Setelah menikmati program Makan Bergizi Gratis (MBG) dan makan bersama di lingkungan sekolah, para siswa diberi waktu sekitar 20 menit untuk bersiap melaksanakan ibadah. Pelaksanaan shalat berjamaah dilakukan di sepanjang pelataran kelas, dengan barisan siswa laki-laki dan perempuan yang dipisahkan.
Meski berdiri di kawasan rawa-rawa, semangat ibadah para siswa dan guru tidak pernah surut.
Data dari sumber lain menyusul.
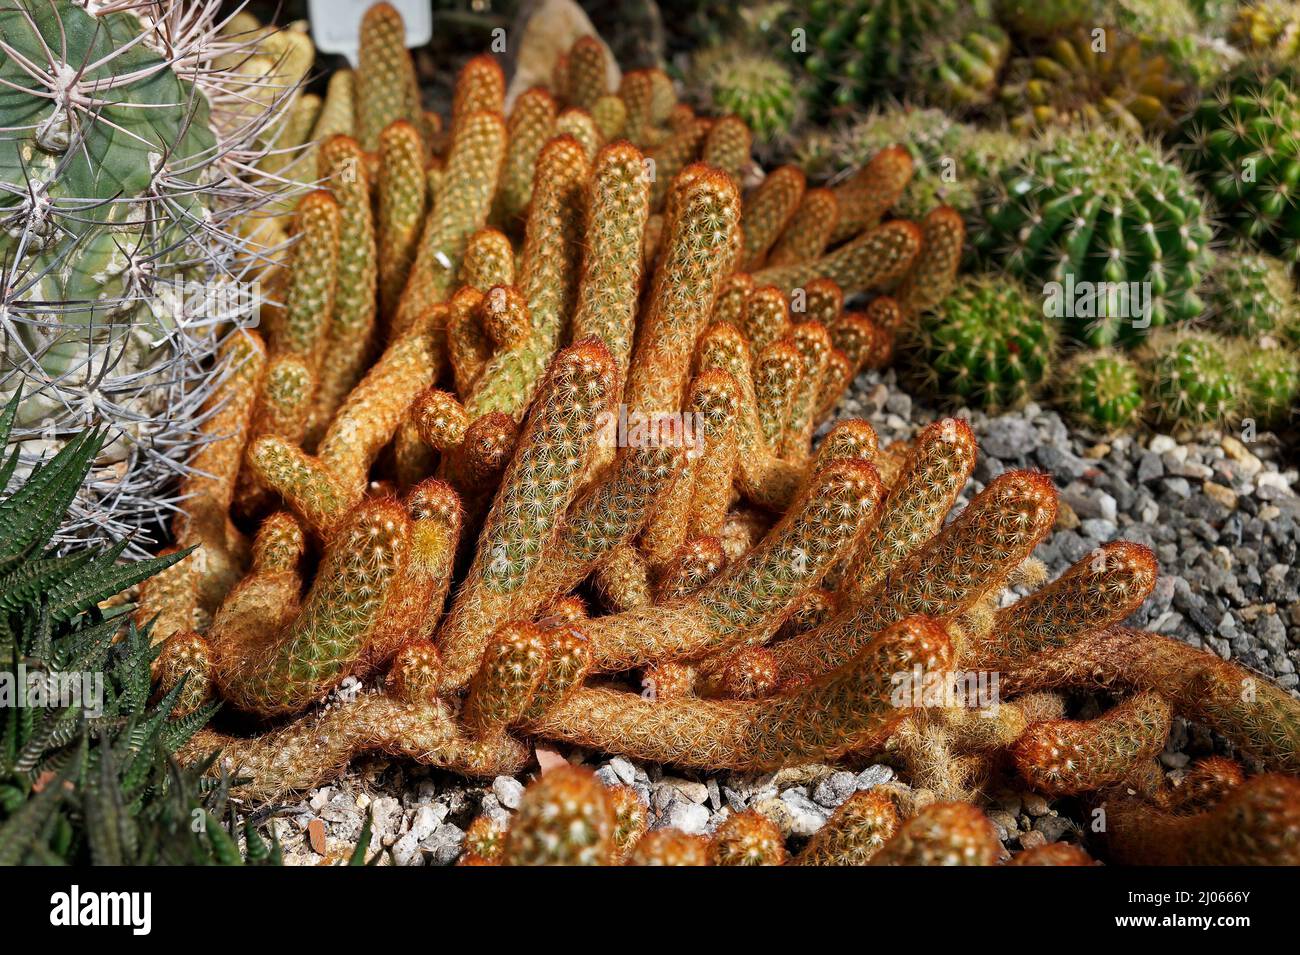 Gold lace cactus or Ladyfinger cactus (Mammillaria elongata) on desert garden, Rio Stock Photo

Shalat berjamaah dipimpin secara bergiliran oleh para guru, sementara guru pendidikan agama dan wali kelas turut mendampingi untuk menjaga ketertiban.
Kepala SMP Negeri 5 Palembang, Nursiah Lelawati, M.Pd., mengatakan bahwa kegiatan ini bukan sekadar rutinitas ibadah, melainkan juga sarana membentuk karakter peserta didik agar lebih disiplin, bertanggung jawab, dan memiliki rasa kebersamaan.
“Kami ingin membentuk generasi yang tidak hanya cerdas secara akademik, tetapi juga berakhlak mulia. Shalat berjamaah ini menjadi salah satu cara menanamkan nilai kebersamaan dan kedisiplinan sejak dini,” ujarnya Selasa (4/11/2025).
Ia menambahkan, kegiatan ini juga menjadi bagian dari pendidikan iman dan takwa (imtaq) yang diterapkan secara berkelanjutan di sekolah.
“Waktu jeda sekitar 20 menit kami manfaatkan untuk berkumpul dan shalat berjamaah. Bagi siswi yang berhalangan, tetap berada di kelas untuk menjaga ketenangan. Semua diarahkan agar tetap menghormati kegiatan ibadah ini.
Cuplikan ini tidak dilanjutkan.